• **Given information**:
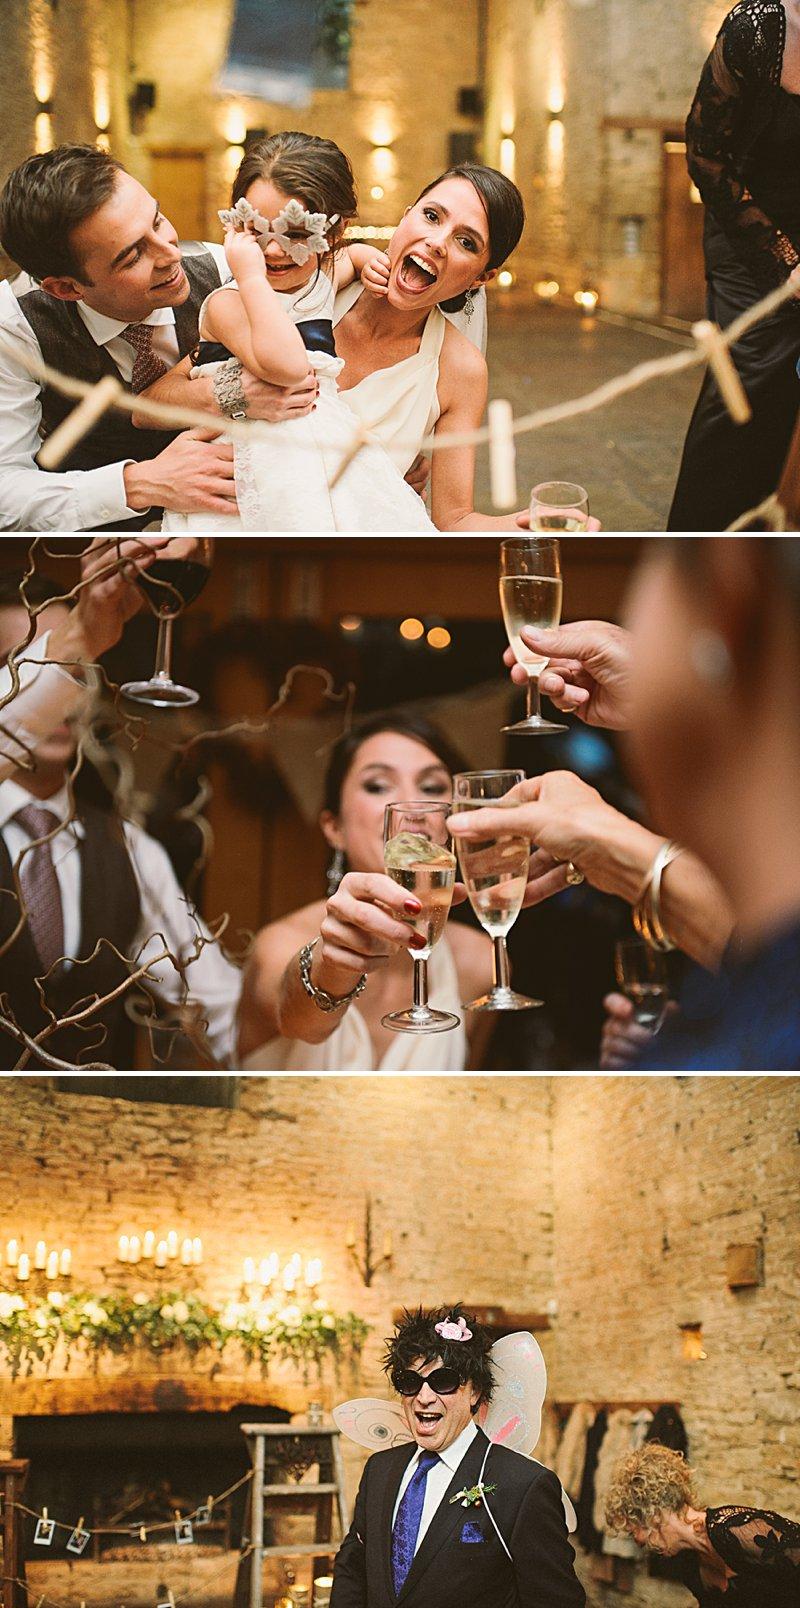 Lisa & Alex's wedding at Cripps Barn
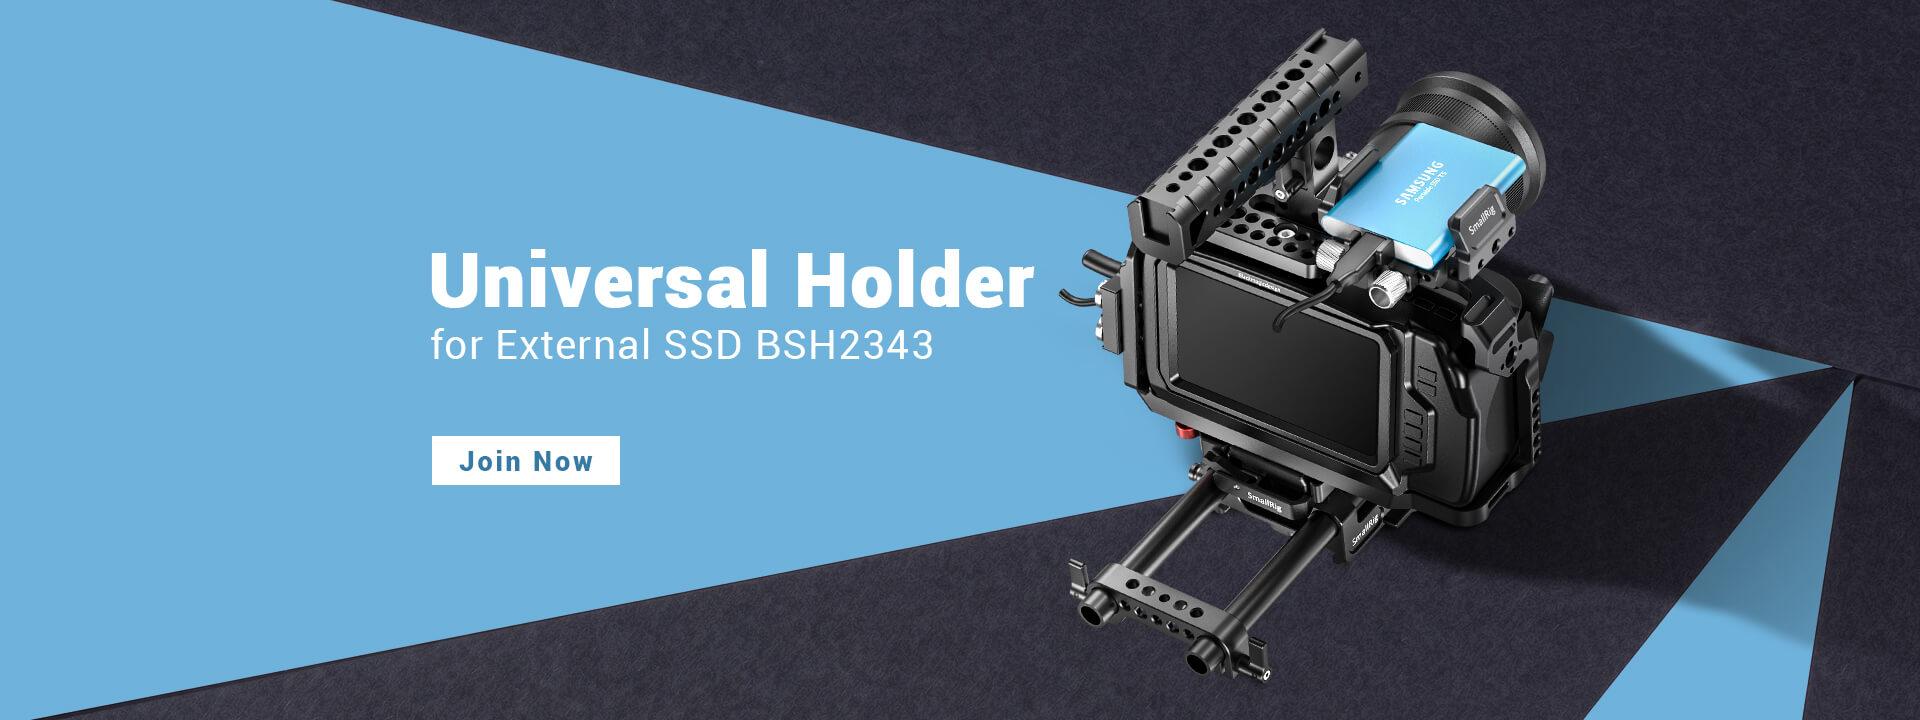 SMALLRIG UNIVERSAL HOLDER FOR EXTERNAL SSD BSH2343
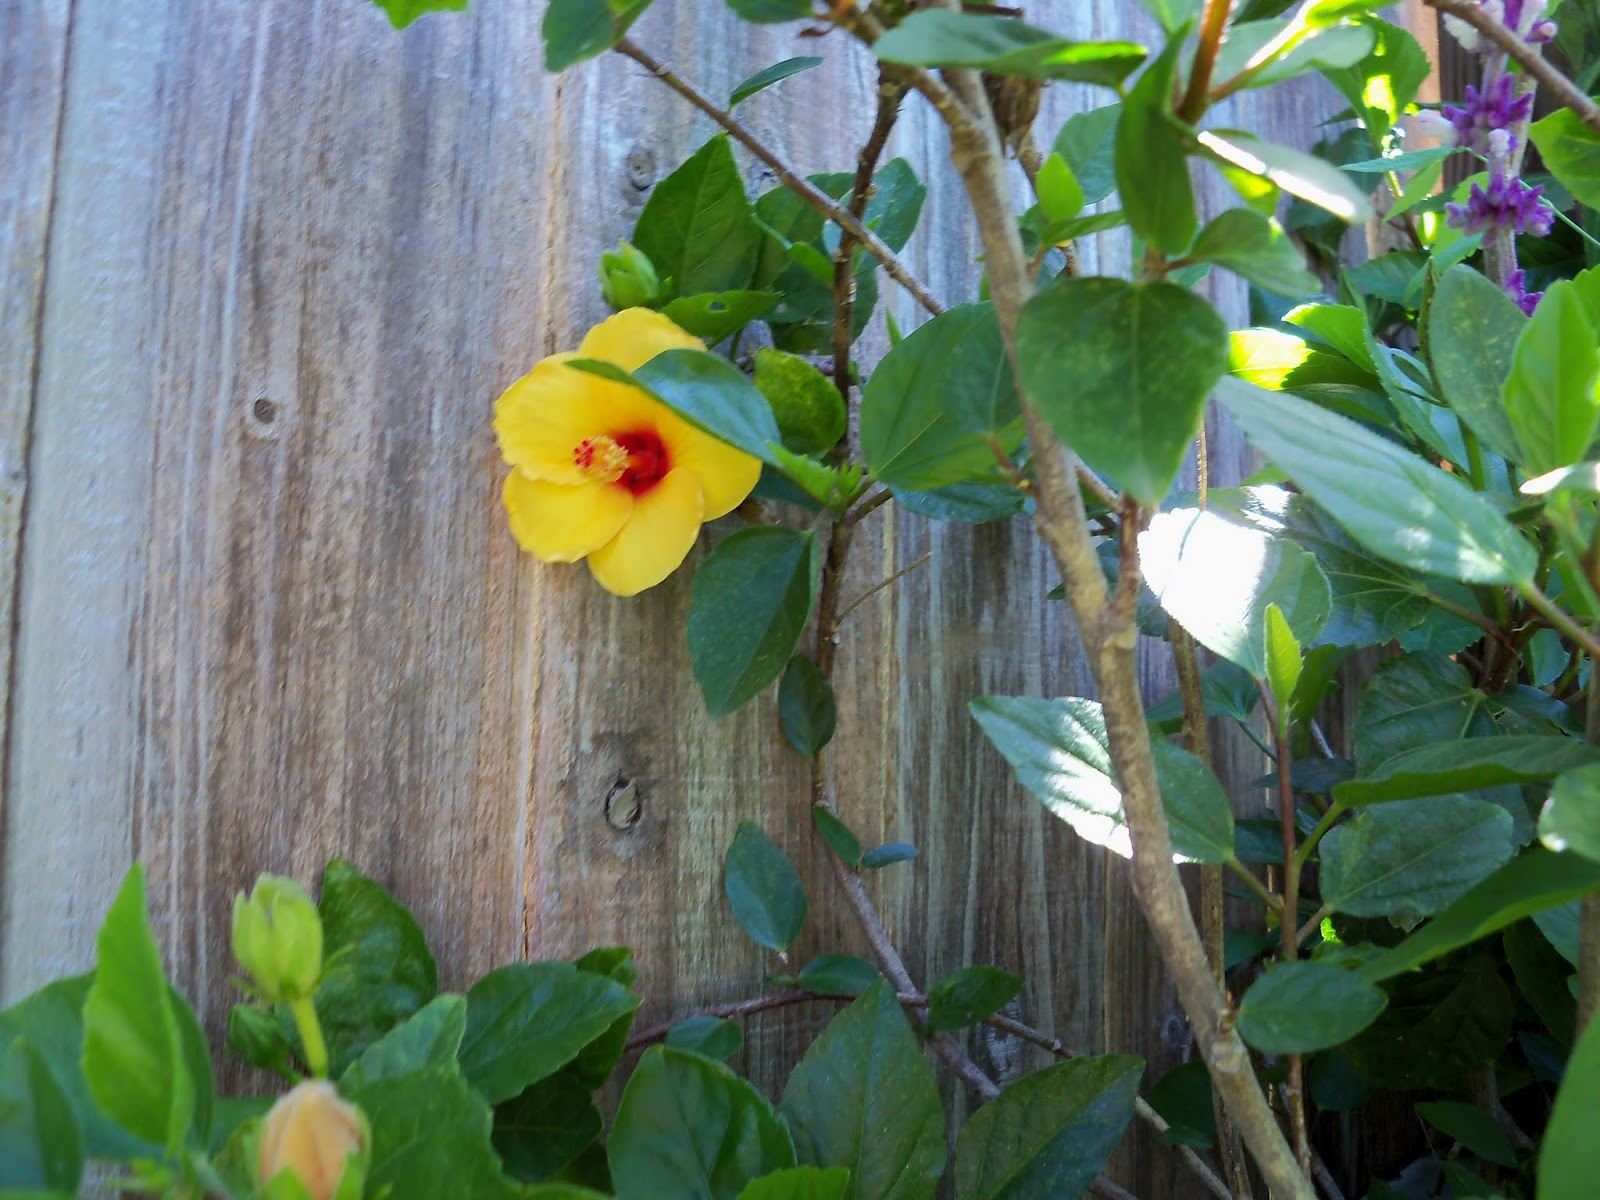 Gardening 2013 - 115_6278.JPG

• **Task prompt**:
Beginning at the line with "SMALLRIG UNIVERSAL HOLDER" and ending at the last line of the listing above, retype each line exactly, including those two lines. Leave the pictures out.

• **Answer to this task**:
 SMALLRIG UNIVERSAL HOLDER FOR EXTERNAL SSD BSH2343
 Gardening 2013 - 115_6278.JPG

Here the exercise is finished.